Da ich seinen Vater erlebt hatte, halte ich es für wahrscheinlich, dass der ihm sein Handy weggenommen hat.
Vermutlich hat er sogar Hausarrest, so albern das klingt bei einem jungen Mann Mitte 20.
Also habe ich ihm Sonntag Abend auf allen Kanälen mitgeteilt, dass ich am Montag, also heute, für die Weiterarbeit an der Hausarbeit, in die Unibibliothek gehe.
Auch wenn sein Vater ziemlich irre ist, er wird ja wohl kaum verhindern wollen, dass sein Sohn in die Uni geht um weiter an seiner Examensarbeit zu arbeiten.
Und dass ich das mache wird er auch nicht verhindern können.

Um kurz nach acht Uhr fahre ich also in die Uni, auch wenn ich infolge des netten Empfangs durch Herrn Lyrssen senior mit Hämatomen zugepflastert bin.
Auf dem Parkplatz ist allerdings keines der Autos von Marco zu sehen, na ja, er wird vielleicht später kommen.

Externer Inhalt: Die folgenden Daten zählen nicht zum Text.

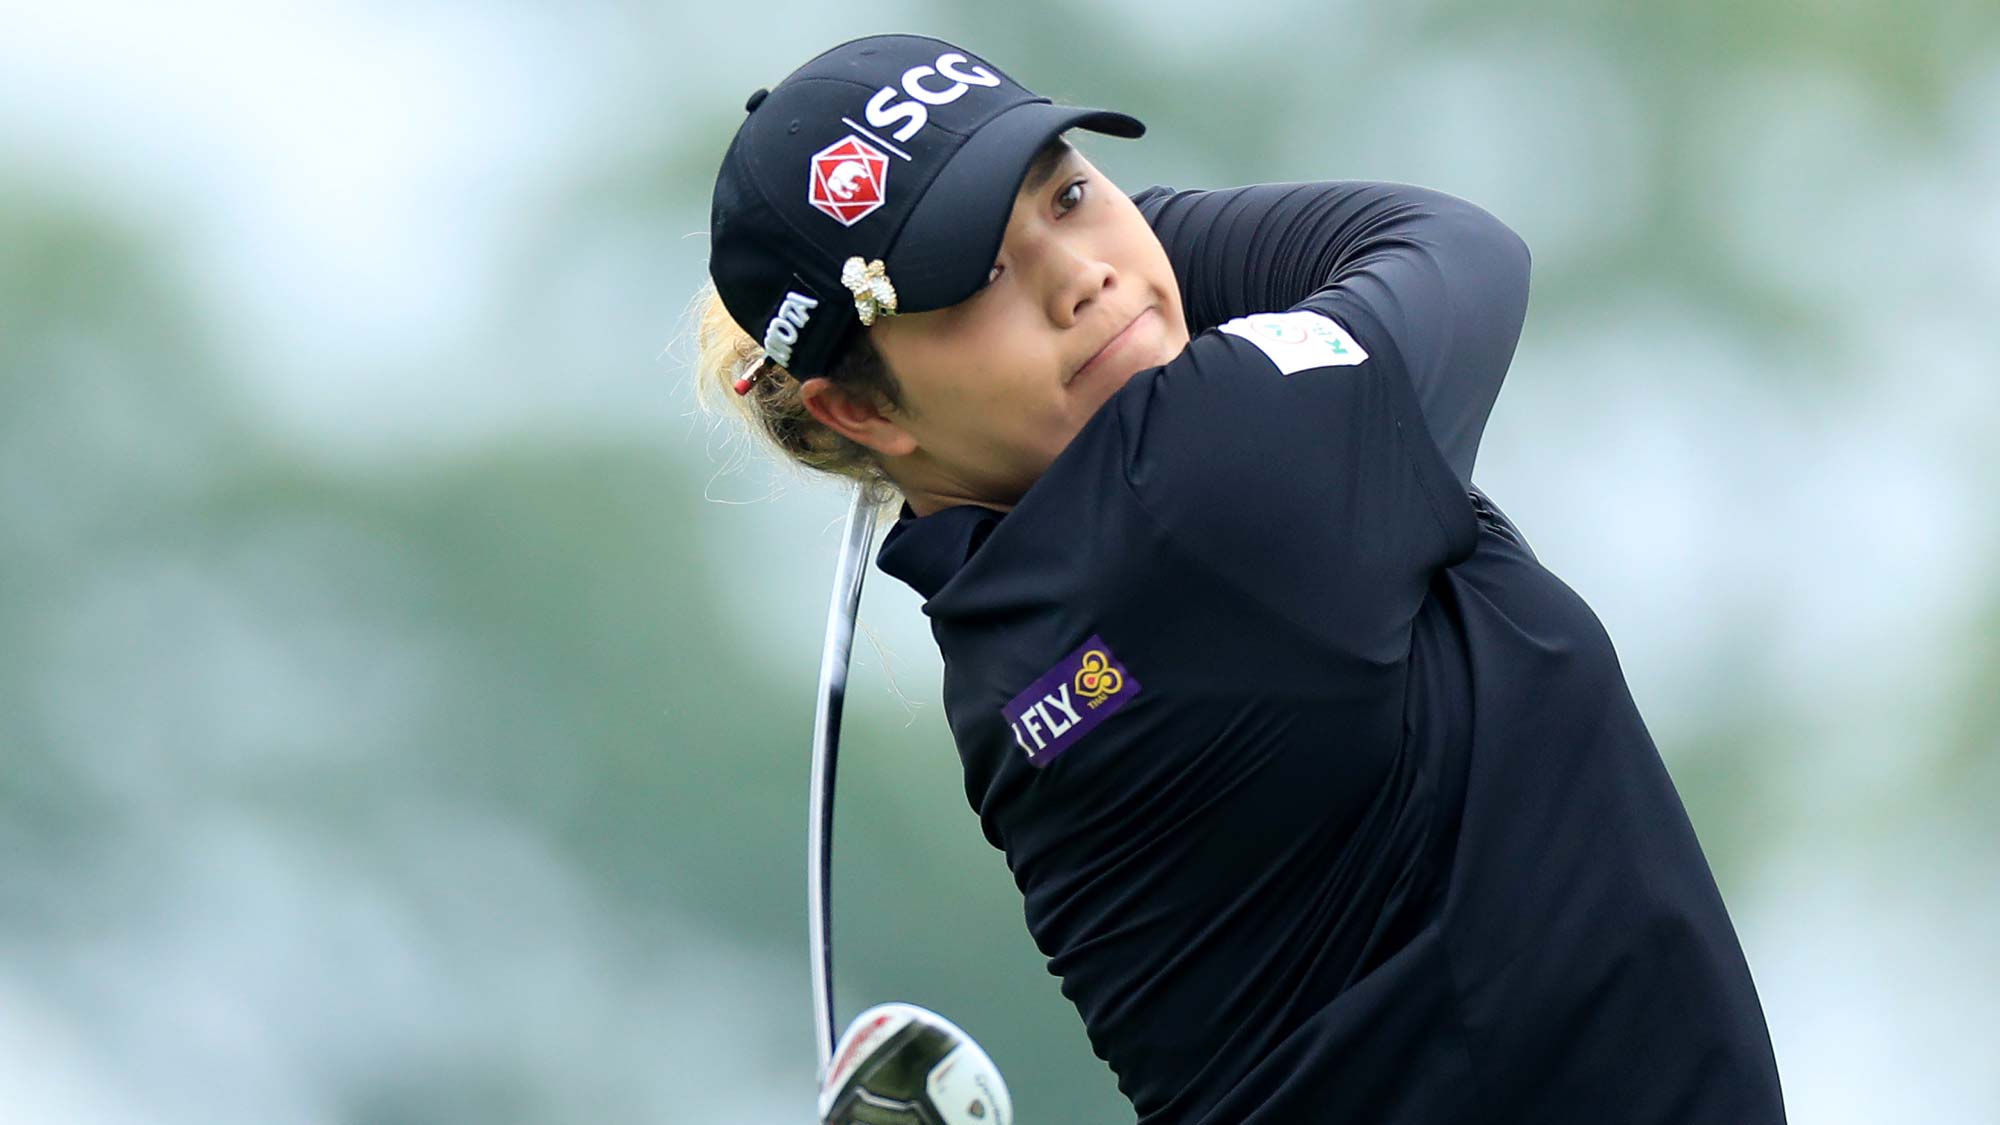 Ariya Jutanugarn of Thailand plays her tee shot on the par 5, third hole during the final round of the 2019 KPMG Women's PGA Championship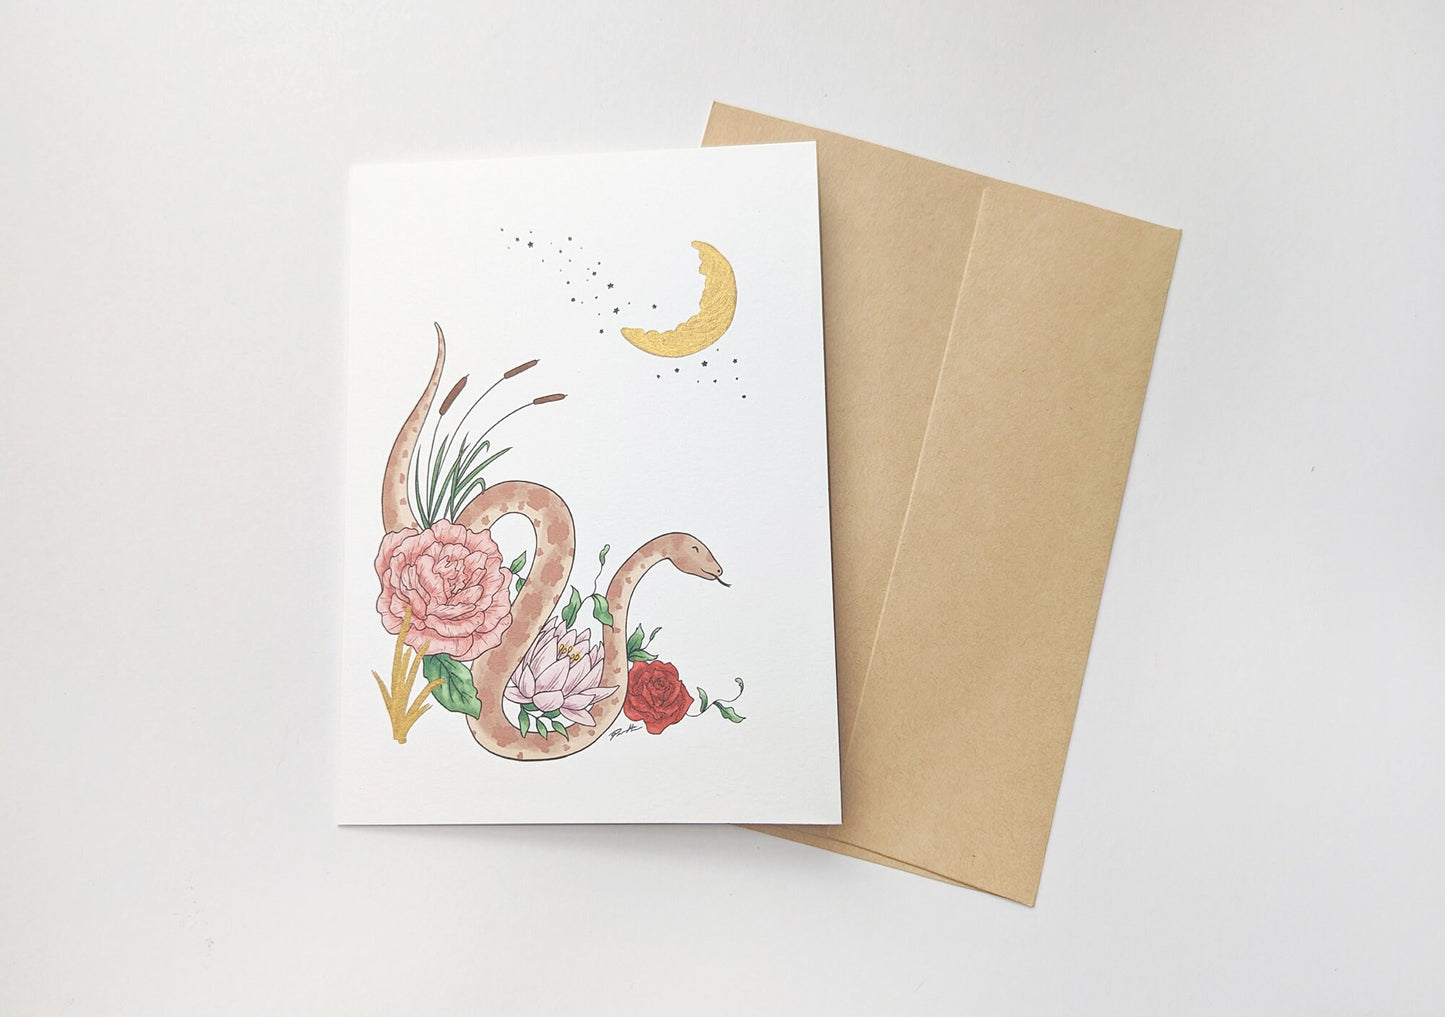 Snake Greeting Card - Lunar Zodiac Series

Zu meiner Überraschung ist es aber ausgerechnet Vergil der mich im Korridor des Juridicums kurz vor der Bibliothek abfängt.
Genaugenommen stürmt er mit wütender Miene auf mich zu, packt mich an der Schulter und presst mich mit dem Rücken an die Wand.
Bevor ich irgendwas sagen kann, donnert er mit zorniger Stimme: "Das ist alles nur deine Schuld!"
"Ist es das nicht immer?" erwidere ich spöttisch und versuche mir nicht anmerken zu lassen, dass die Betonwand in meinem Rücken nicht so wirklich mit den Hämatomen dort harmoniert.
"Wegen dir habe ich Marco verloren, meinen besten Freund!" wirft er mir wütend vor und ich meine einen Hauch von Verzweiflung herauszuholen.
"Hat er dir die Freundschaft gekündigt weil du mir gegenüber so ein Arsch bist" höhne ich, "oder hat sein Alter ihn totgeschlagen weil er sich mit mir abgibt?"
Bei meinen Worten zuckt er zusammen, da hab ich wohl ins Schwarze getroffen.
"Ich glaube nicht, dass es deine Freundschaft mit Marco rettet, wenn du mich jetzt blöde angehst" erkläre ich ihm süffisant.
"Du weißt es nicht..." stellt er erstaunt und mehr an sich selber gerichtet fest.
"Was weiß ich nicht?" erkundige ich mich mißtrauisch.
"Marco er.... er hat sich mit seinen Eltern gestritten... WEGEN DIR!" berichtet er vorwurfsvoll.
"Habe ich mitbekommen" erwidere ich und gehe mich desinteressiert, "inwieweit beeinträchtigt das deine 'Freundschaft' mit ihm?"
"Er ist danach weggefahren und hatte einen Unfall, VERDAMMT!" schreit er.
"Und deswegen machst du mir jetzt Vorwürfe" empöre ich mich, "anstatt dass du mir das gleich erzählst? In welchem Krankenhaus liegt er? Kann ich ihn besuchen?"
"ER IST TOT, MANN!" bricht es nun aus Vergil hervor und dieser Schmerz in seiner Stimme, der ist echt.
Ich brauche einige Momente bis diese Information wirklich bei mir angekommen und verstanden ist.
Dann aber trifft es mich wie ein Schlag: Marco - er ist tot!
Mit tonloser Stimme frage ich ihn: "Ein Unfall? Wie? Wo? Wann?"
"Er ist an der Kurve in der Magnusallee rausgeflogen, mit dem fetten Audi von seinem Dad, dann gegen die Betonmauer gecrasht" berichtet Vergil niedergeschlagen.
"Wie spät war es da?" Ich weiß garnicht genau warum ich das frage, aber irgendwie sagt mir ein Gefühl, dass es wichtig ist.
"Kurz nach 21 Uhr" sagt Vergil mir, "der Knall war in der ganzen Gegend zu hören!"
Aber selbst wenn er wütend war und statt der erlaubten 30 jetzt 50 oder gar 70 gefahren wäre, in dem Auto stirbt man daran doch nicht.
"Wie schnell war er denn?" will ich wissen.
Mißtrauisch und fragend schaut Vergil mich an: "Wieso?
"Du kennst den Audi, so schnell stirbt man damit nicht, oder?" kontere ich.
Er überlegt und seine Mimik verrät mir, dass ich eine entscheidende Frage gestellt habe.
"Ich weiß es nicht" gibt er zu, "aber er war so schnell, dass das Auto sich überschlagen hat, die Mauer eingebrochen ist, es das Fahrzeug zerrissen und ihn gegen einen Baum hinter der Mauer geschleudert hat."
So schnell fährt doch keiner aus Versehen!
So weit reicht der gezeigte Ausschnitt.